2015 GSA Annual Meeting in Baltimore, Maryland, USA (1-4 November 2015)

Paper No. 44-15
Presentation Time: 9:00 AM-5:30 PM


SMITH, Catherine1, DOMACK, Eugene1, SHEVENELL, Amelia1, LEVENTER, Amy2, GULICK, Sean3, FREDERICK, Bruce3 and FERNÁNDEZ, Rodrigo3, (1)College of Marine Science, University of South Florida, 140 7th Avenue South, St. Petersburg, FL 33701, (2)Geology Department, Colgate University, 13 Oak Drive, Hamilton, NY 13346, (3)The Institute for Geophysics, The Univ of Texas at Austin, J.J. Pickle Research Campus, Bldg. 196, 10100 Burnet Rd., Austin, TX 78758, catherinesmi@mail.usf.edu

Eocene stratigraphic sections are rare in Antarctica, and are limited to units from Seymour Island (Antarctic Peninsula, AP) and Prydz Bay (PB), and to fossiliferous glacial erratics retrieved from McMurdo Sound (MS). In 2014, the first geological and geophysical study of the Sabrina Coast (SC) of East Antarctica was conducted in order to understand the past and modern glacial dynamics of the region seaward of the Aurora Subglacial Basin (ASB) in central Wilkes Land. Two organic-rich sediment cores, collected from an eroded trough on the inner shelf, contain abundant palynomorphs and based on the sedimentology and seismic stratigraphy, reveal a transitional deltaic environment during the mid-late Eocene.

Both jumbo piston cores (JPC), JPC-54 and 55, contain Late Pleistocene-Holocene glacial marine sediment overlying non-glacial muddy sands, separated by a sharp contact. This contact is also illustrated by an abrupt decrease in water content (40-25%), magnetic susceptibility (150-25 SI) and δ13Corg (-25--26‰), and an increase in density (1.8-2.1g/cm3) and %TOC (0.30-0.75%) below the contact. JPC-55 contains a large (freshwater?) gastropod and a large spherical concretion formed around a presumed fossilized flower bud, further supporting its non-glacial origin, while JPC-54 contains angular ice-rafted cobbles of crystalline character, supporting its syn-glacial origin.
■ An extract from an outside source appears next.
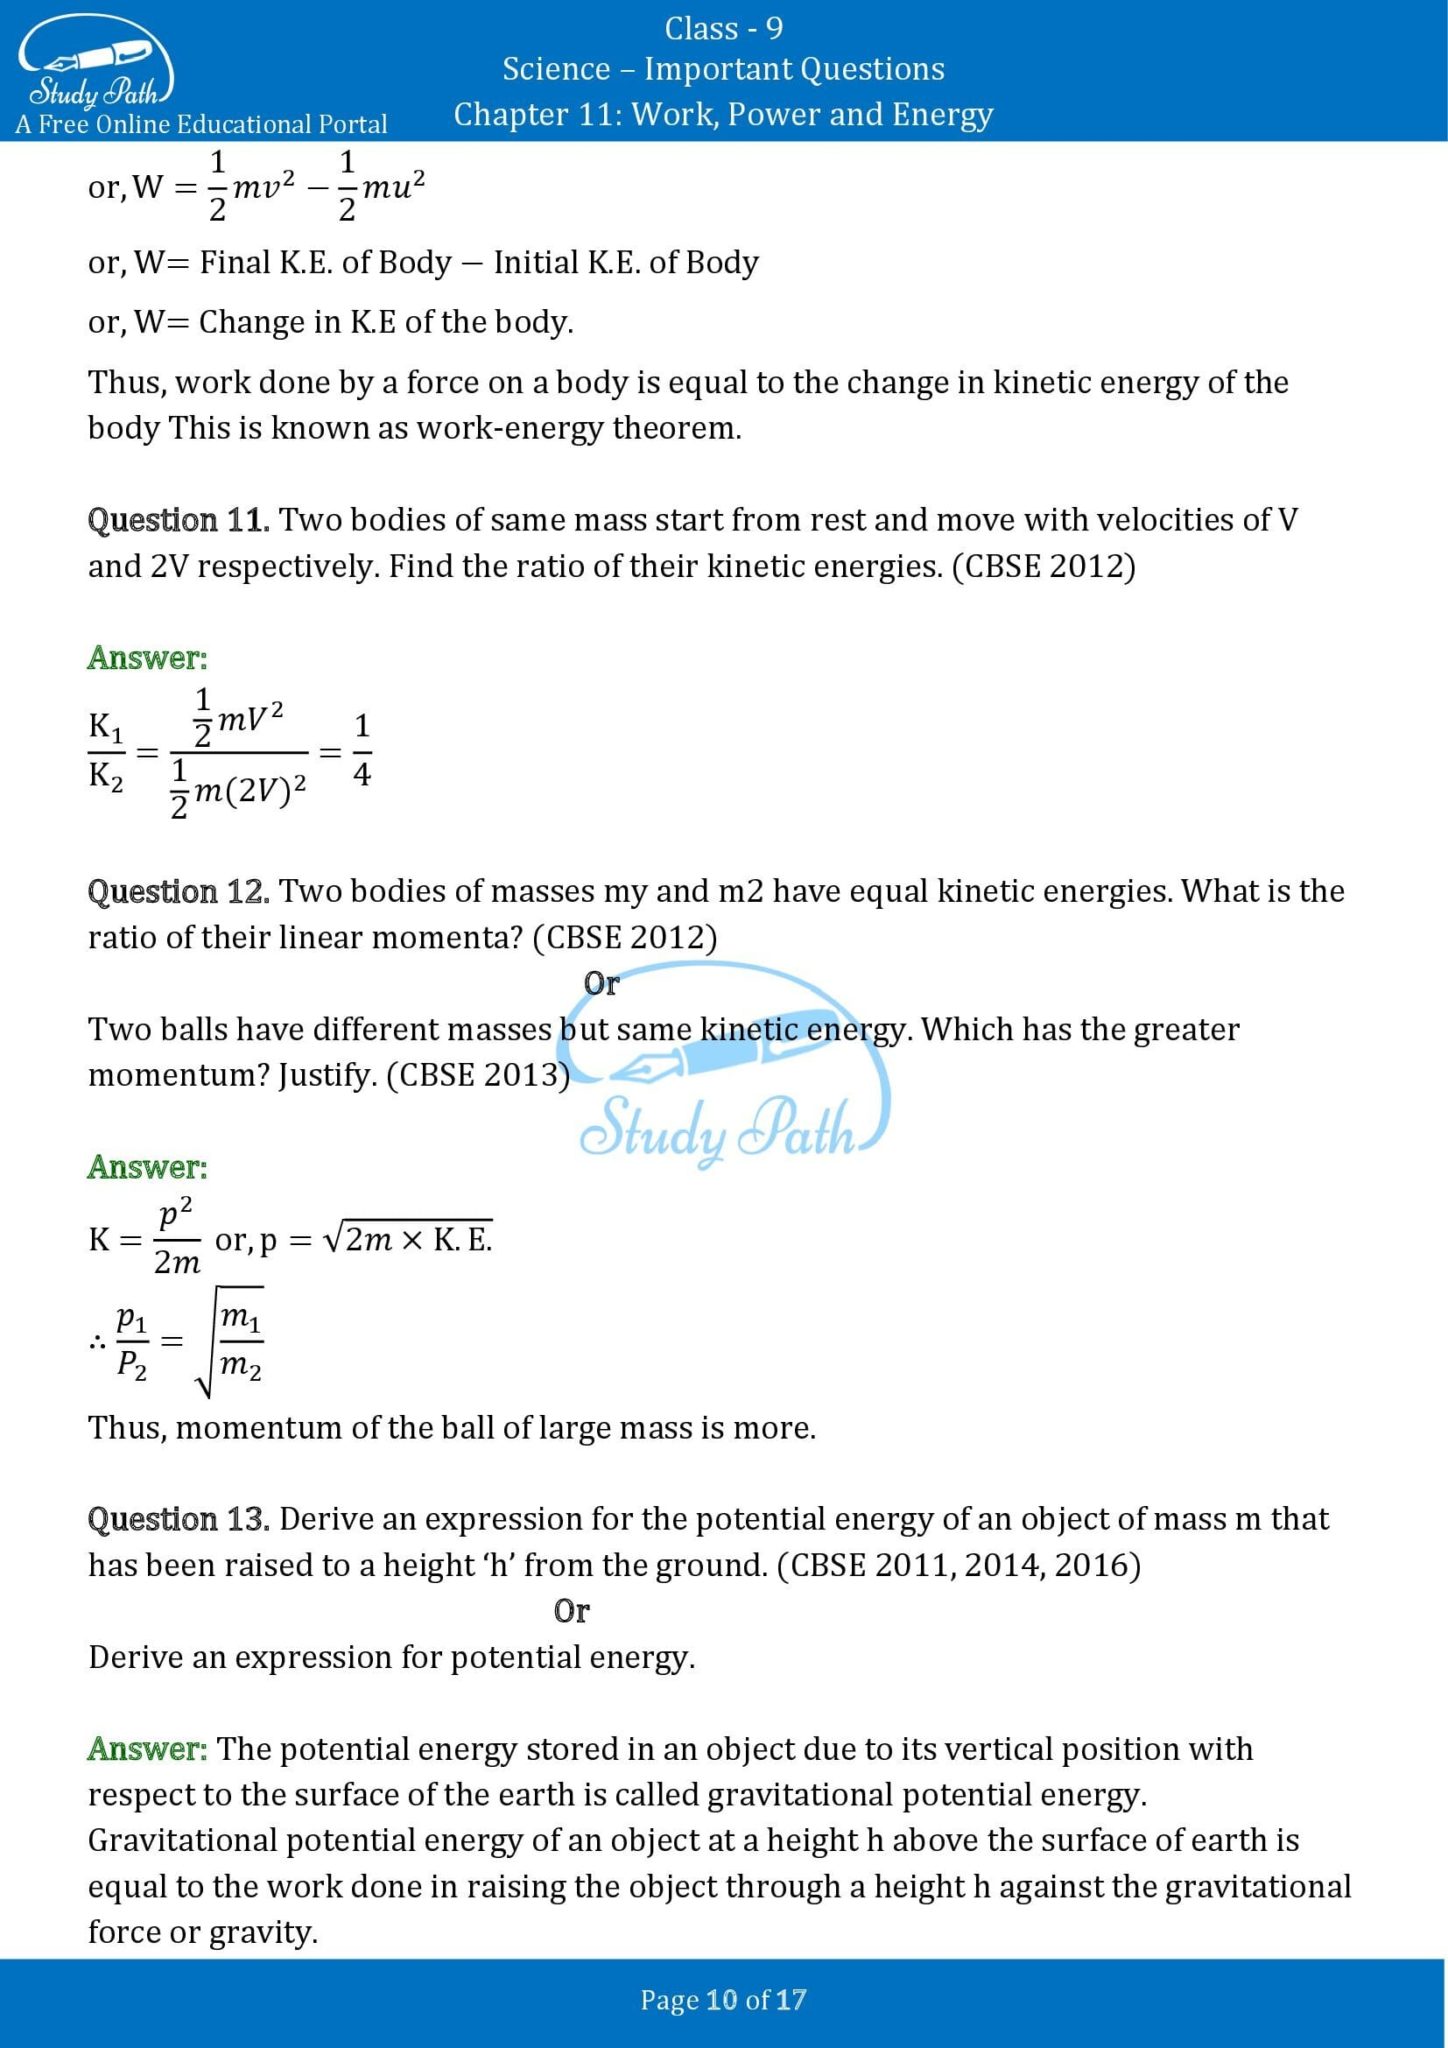 case study questions class 9 science chapter 11

These cores contain at least 30 new and previously identified pollen and spore morphospecies. Some key morphospecies include Proteacidites recavus, Nothofagidities asperus, and Proteacidites bremerensis, which allow us to assign a late middle Eocene to early late Eocene age to these units. The assemblage is dominated by Gambierina spp. which is believed to be limited to the late Cretaceous based on AP units. This new Eocene section therefore suggests that Gambierina spp. and associated floristic elements experienced extirpation on the AP while surviving through the Eocene near the SC, which is supported by previous interpretations from PB sedimentary sequences and by their complete absence in Eocene rocks from MS. Thus, the paleobotanical environments of the Antarctic and Australian segments of Gondwana were spatially and temporally complex as evidenced by the palynological and stratigraphic analyses of this new mid-late Eocene unit.